FTSE 100 DB scheme sponsors could face an extra £5bn in pension scheme DRCs

FTSE 100 defined benefit (DB) pension scheme sponsors could need to provide an additional £5bn in financial support to their schemes amid higher levels of inflation and potentially stricter rules under the The Pensions Regulator's (TPR) new funding regime, LCP has warned.

Analysis of Q3 FTSE 100 pension positions by the firm showed that the combined IAS19 surplus stood at £50bn at 30 September 2021, highlighting sustained recovery and improvement post pandemic.

However, it also found that whilst 10 FTSE 100 companies currently have an IAS19 deficit, 32 companies would be in deficit under TPR's new funding regime.

This could require an additional £5bn pa of deficit recovery contributions (DRCs) to plug the gap, including over £1bn pa of contributions for companies disclosing a surplus in their corporate accounts.

In addition to this, the firm warned that sharp rises in inflation seen over recent months could flow through to higher increases granted to the majority of schemes, with September’s inflation figures expected to be “very important” for DB pension schemes.

According to the analysis, if current trends persist, rising inflation could potentially increase FTSE 100 pension liabilities by up to £10bn, although LCP clarified that most schemes will be protected to an extent by inflation-linked assets.

Commenting on the findings, LCP partner, Jonathan Griffith, said: “It’s good news that we are seeing sustained accounting surplus figures and the volatility of 2020 is now hopefully behind us.

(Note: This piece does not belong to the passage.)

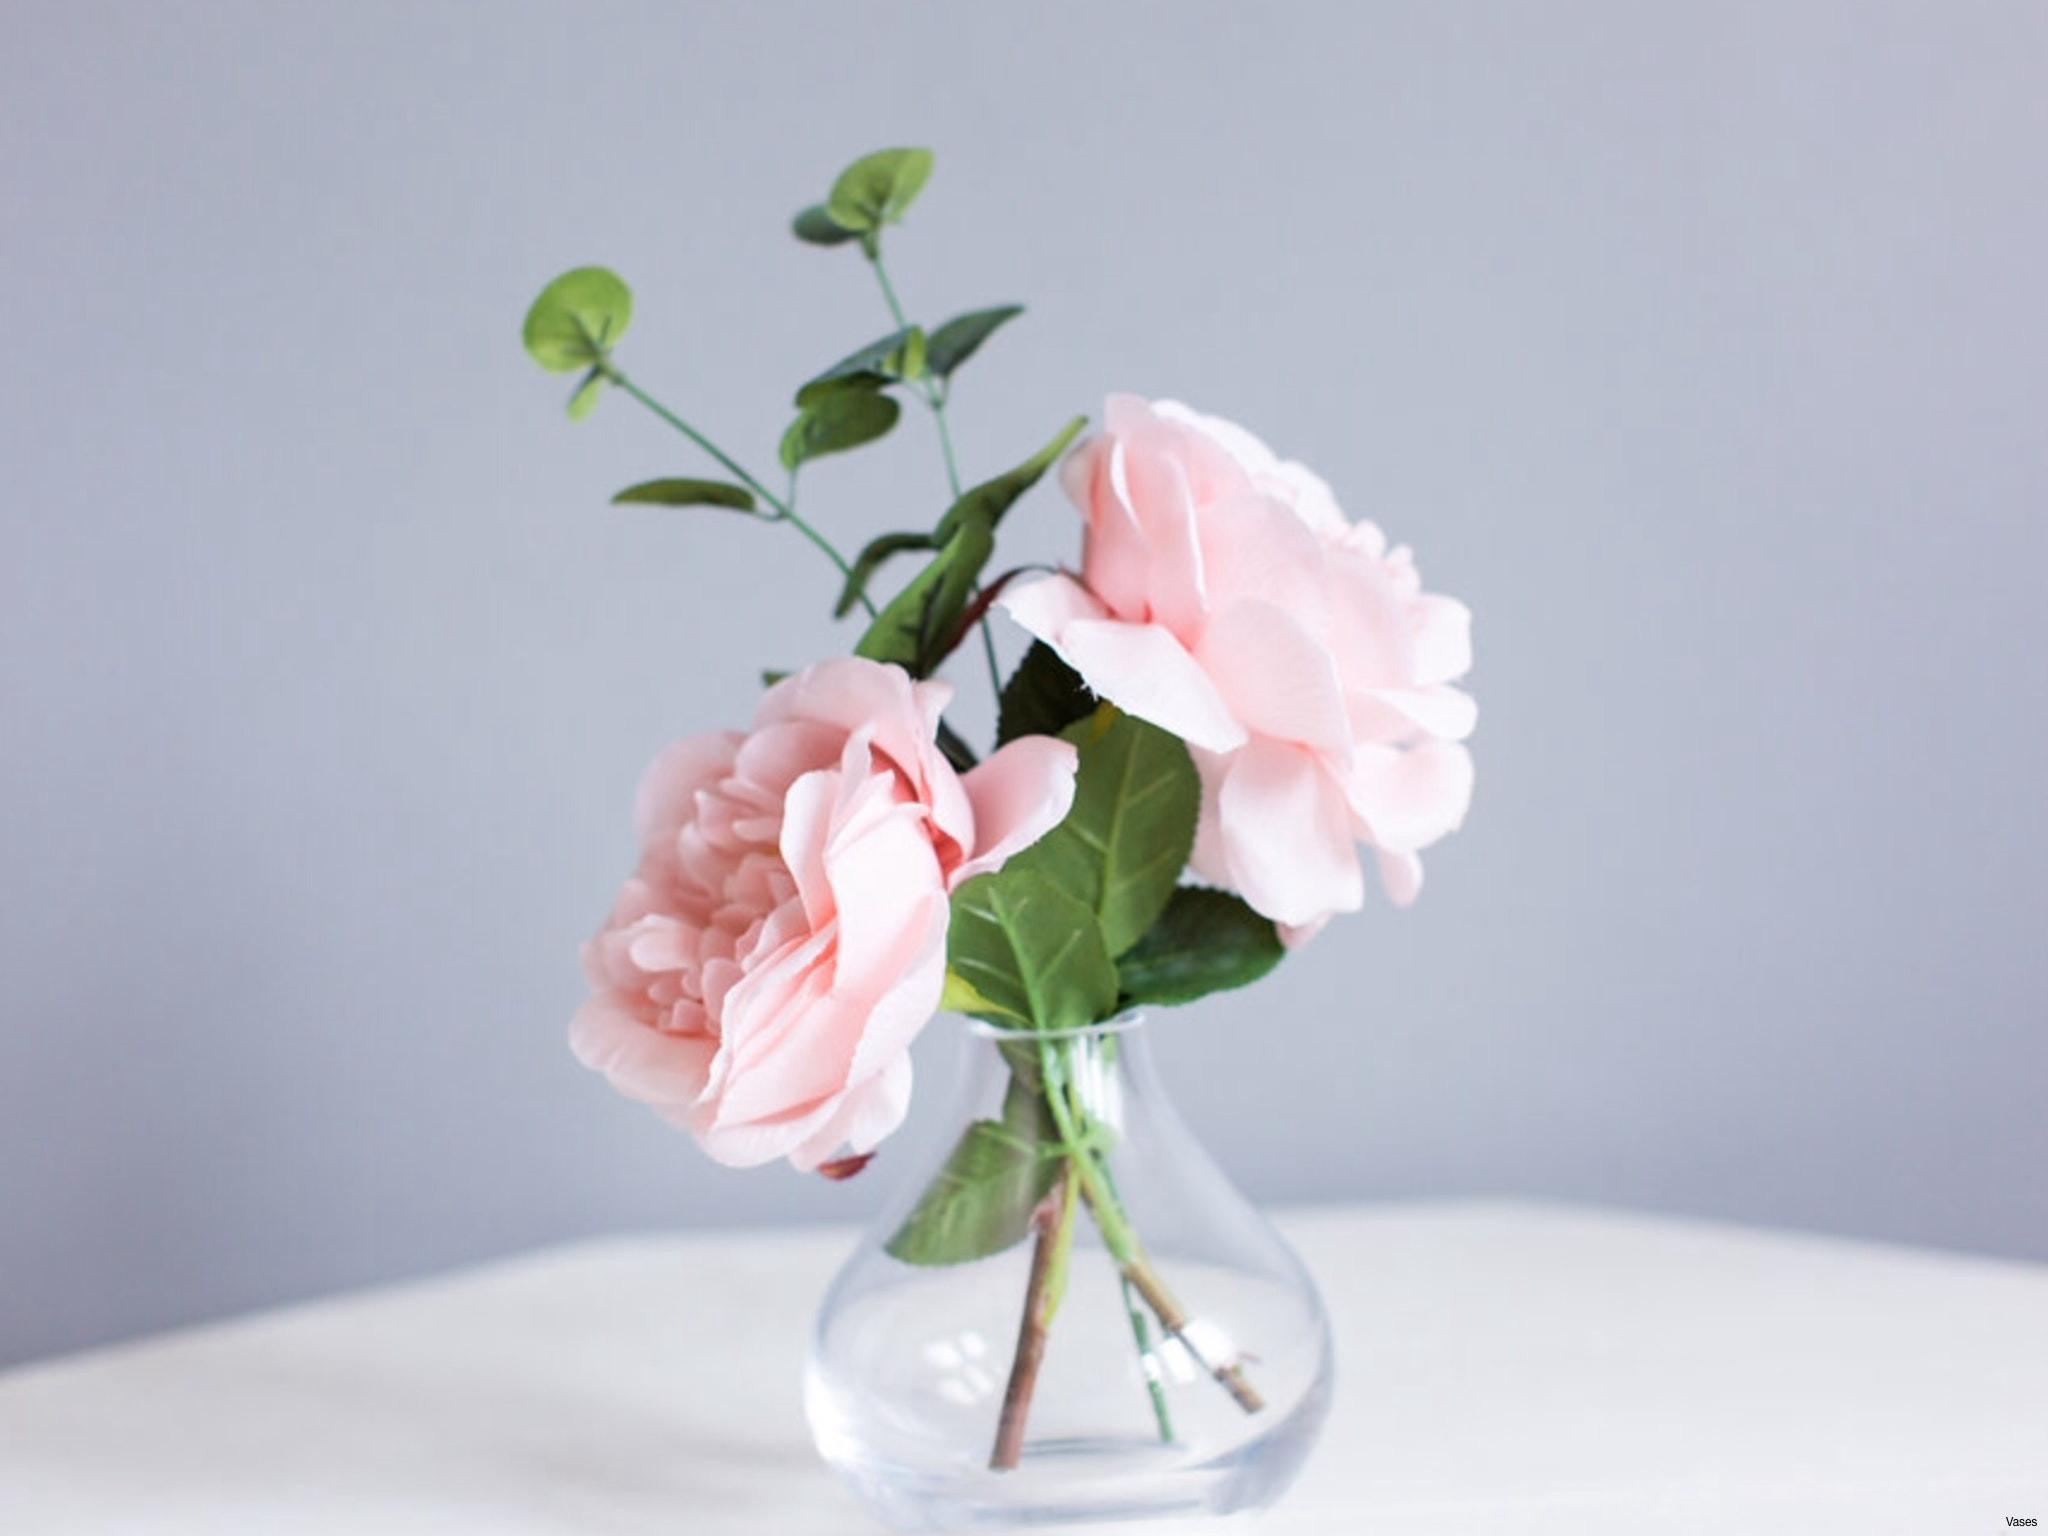 16 glass vase of 10 fresh colored glass bud vases bogekompresorturkiye com within h vases bud vase flower arrangements i 0d for inspiration design design ideas vases and

“However, the upcoming changes to the funding regime mean that many schemes – even those with an IAS19 surplus - are more vulnerable to being asked to make additional cash to meet new funding deficits, unless they take a proactive approach and provide alternative forms of security.

“Analysis we did earlier this year showed that only 10 per cent of schemes showed a surplus on the more prudent basis of the proposed fast-track approach.

“Whilst this position has improved to date, for many companies sponsoring larger pension schemes, the bespoke route will make sense and will ensure the appropriate level of protection is provided in a way that uses corporate resources efficiently.

“Our message is that scheme sponsors need to understand the proposals, work out how their scheme will be impacted, and not be misled by the rising IAS19 surplus figures. Doing this work now will save some potentially nasty shocks and surprises further down the line.”